Time Sensitive Releases and the Future of Collecting – One Year Later

Remember this post?  Probably not, but now that a year plus have passed and people are more accustomed to Topps Now, I wanted to revisit the topic.

Originally, I said that the print-to-order, online exclusive, 24 hour (sometimes a week) purchase window cards scared me.  Now, I mostly see it as a nuisance.  Let’s go over a couple of my original points here.

Engagement – What’s interesting is that the engagement still seems pretty high on the social media front.  Sure, #ToppsNow has become something of a sarcastic meme, but it’s still getting talked about regularly.  However, I don’t see these cards getting the mass media attention that a few of the cards did.  That luster has worn off.

I also expressed concern about having to check twitter or email every day in fear of missing out on cards of players I collect [at the time, I didn’t collect current players, but that has since changed after the 2016 championship, as seen below (spoilers)].  The program is predictable enough that you know what players or moments are going to be featured on a card ahead of time, if you’re paying attention to the games.  There is still the very unfortunate issue of the autos and relics that are limited and sell out right away.  That still requires a constant refresh and for you to be able to ignore your work to try, and that alienates people and encourages attempted scalpers.

Price – Enough time has passed that I imagine my concerns about people buying the cards, despite not really having the means, are unfounded now.  The price hasn’t dropped, but I hope that they’ve all realized that ebay is their friend.  The bulk sellers reduce the price and many are willing to liquidate even lower after a certain amount of time, so it’s not hard to get them for less than $10 if you want.

Of course, this also seems to be reducing the print runs for the 2017 cards quite a bit, and so we might start to see a bit of a cyclical thing happening where prices raise enough to entice new buyers which will increase print runs and lower prices and the waves ebb and flow a bit.

Colon – Bartolo’s home run card was the poster child for the program and it was going for high dollars for a bit.  How is it doing now?  Well, sales seem to be as high as $25 now, but I also see recent sales at around the $10 mark.  Other Bartolo cards are available for as low as $2 plus shipping.

What’s next? – Where does Topps go from here?  They’ve made some small improvements to the program.  There’s a points system for frequent buyers, although that mostly helps the people that buy everything to flip.  I still think they could do more.  One comment on my first post suggested the idea of a subscription service or push notifications to your phone.  I think that would really be a huge benefit.  Imagine signing up for a team and getting notice sent to you that there’s a new card that day.  It would hopefully increase sales and give Topps an idea as to how many fans of each team are registered to gauge demand.

I’d also like to see more contingent incentives come into play, because that’s part of what got me to buy my first Topps Now cards.

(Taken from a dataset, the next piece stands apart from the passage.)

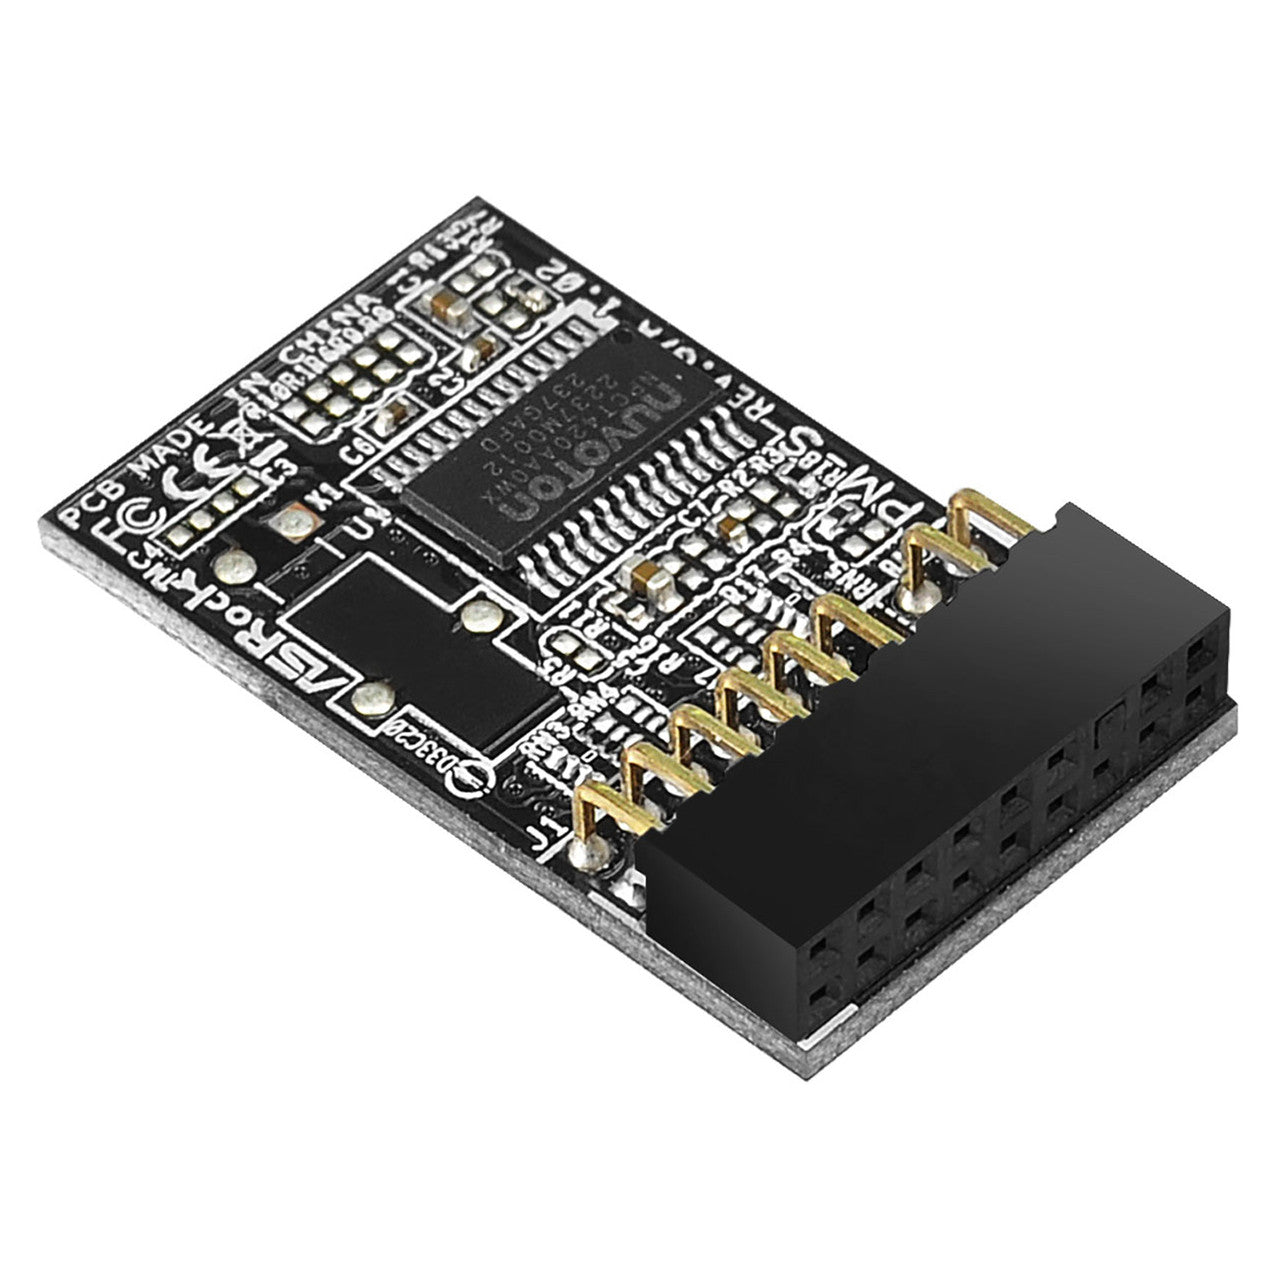 ASRock Rack TPM2-S - Trusted Platform Module (TPM) - 17 PIN connector, LPC inter

That’s a lot of happy faces

Yes, I took the plunge.  After game 7 last year, Topps offered a set of cards commemorating the win.  The price point was a lower per card average than I was used to seeing and since I vowed to collect the players from that winning team, it seemed appropriate to make this my first acquisition.

Scanned to be cropped, but left without

Here’s a few more from the set.  Topps offered two versions.  There was a regular set and then a set with an auto.  Knowing how highly priced the autos can get from Topps Now, at least for the time being, it seemed like a good preemptive strike on that front too.  So, for less than $10 per card, I got the set and an auto, which could have been one of 4 players, and the potential for low numbered parallels.  Not bad.

And to you, too, Topps

Before we get to the auto, however, I want to mention another one of the nice program perks.  Free cards occasionally pop up.  That’s a really nice, unnecessary gesture.  I will say, going back to the price discussion, that this particular card is the cheapest one I’ve seen in person at $3.00.  At this year’s National, I saw a different Topps Now card at $4.00.  Maybe by the next Chicago National in 2019 I’ll see them in the dollar bin as predicted.

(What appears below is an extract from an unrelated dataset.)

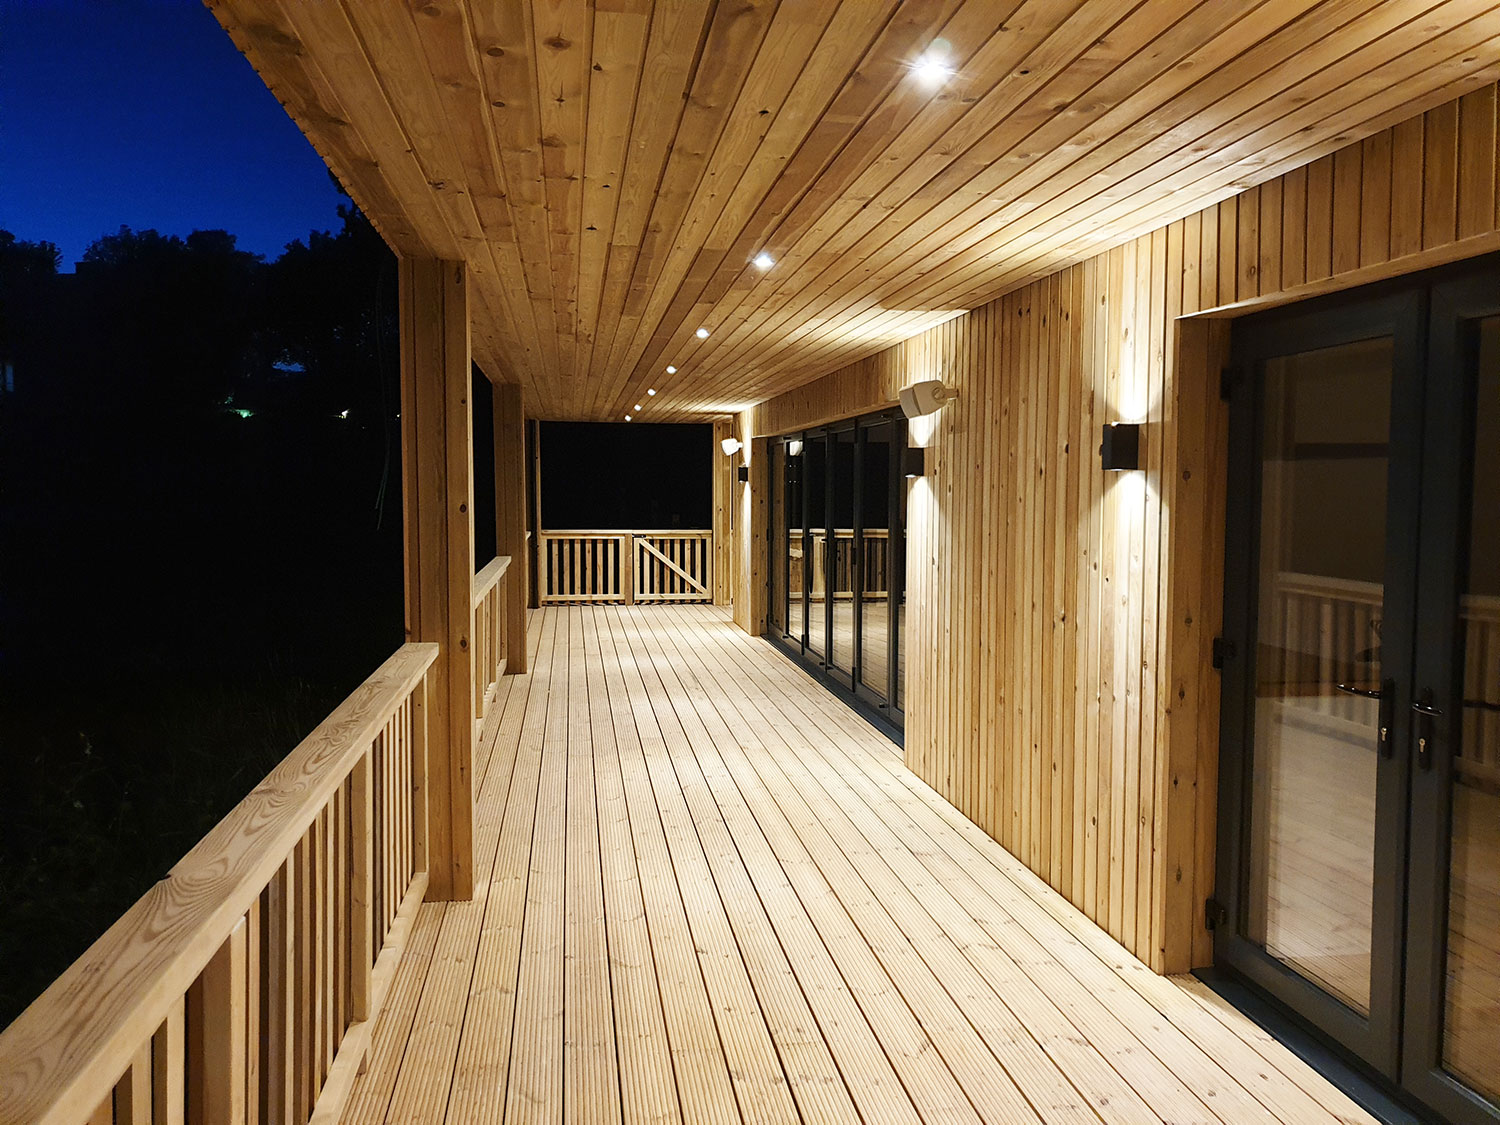 Wooden decking and roof overhang for designer garden room office cabin

Here’s the autograph.  This card can still fetch close to $100.  That’s a price I would never pay in the open market.  That means that if I were to sell it, my set would virtually pay for itself.  I’ll be honest, I considered buying multiple sets and flipping the extra sets in hopes of getting different autos, but I didn’t have the cash at the time anyway.

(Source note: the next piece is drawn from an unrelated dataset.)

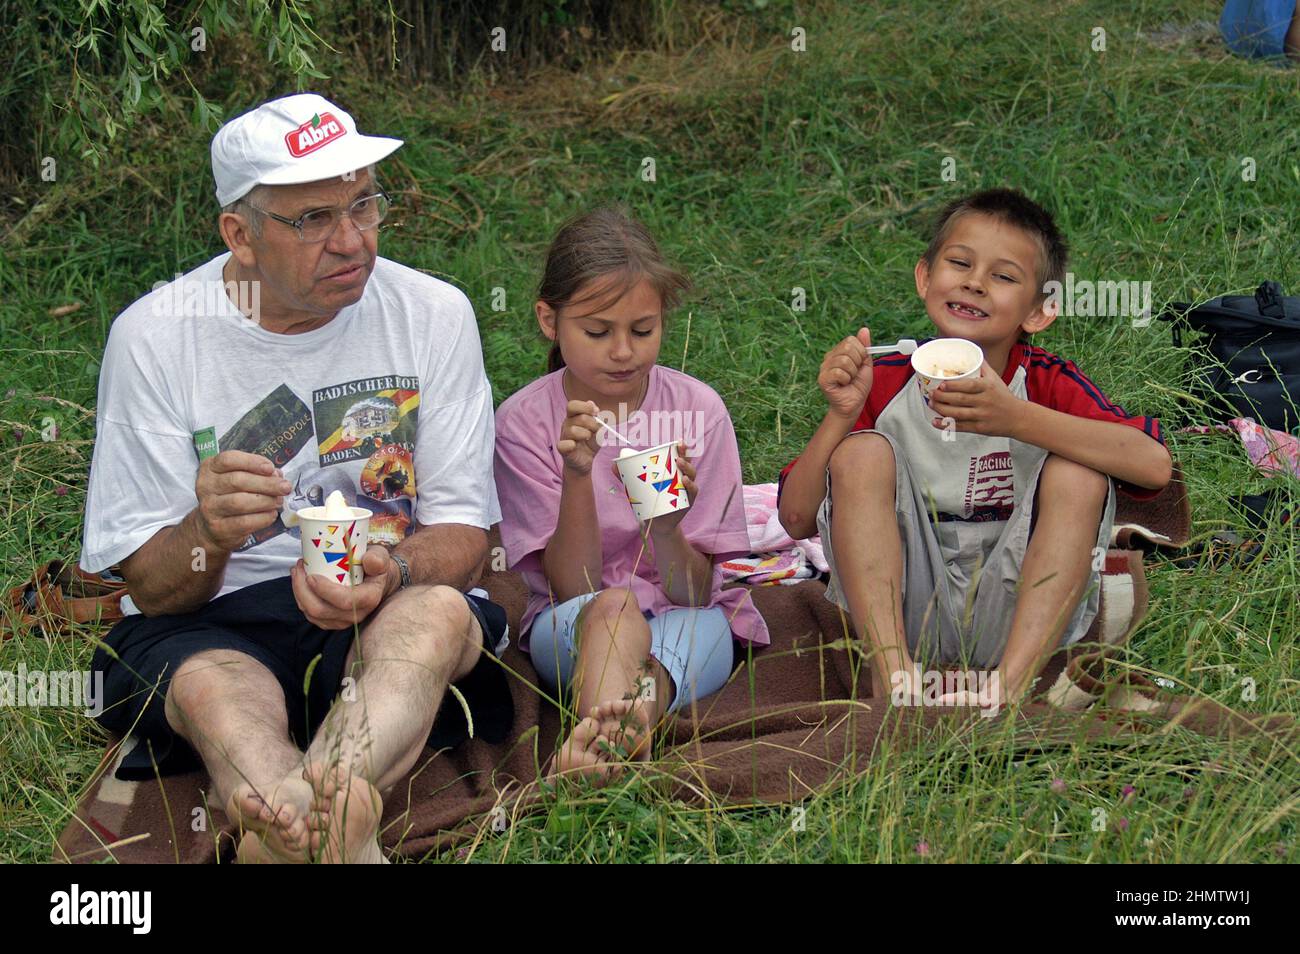 Brenno, Wielkopolska Greater Poland Großpolen, Polen, Polska; Grandfather and his grandchildren are eating ice cream during the picnic Dziadek i wnuki Stock Photo

To wrap this up, I’ll say that I’m surprised at how quickly these cards became a pretty normal part of the collecting landscape.  I’m also surprised at the quality of the cards.  These are nice, sturdy cards that look great.  I’m happy I decided to get these, although I still can’t imagine getting any singles or the weekly sets at their current prices.  That doesn’t mean I haven’t bought more Topps Now cards since, but I’ll save that for another day.  My time is too sensitive to write about that right now.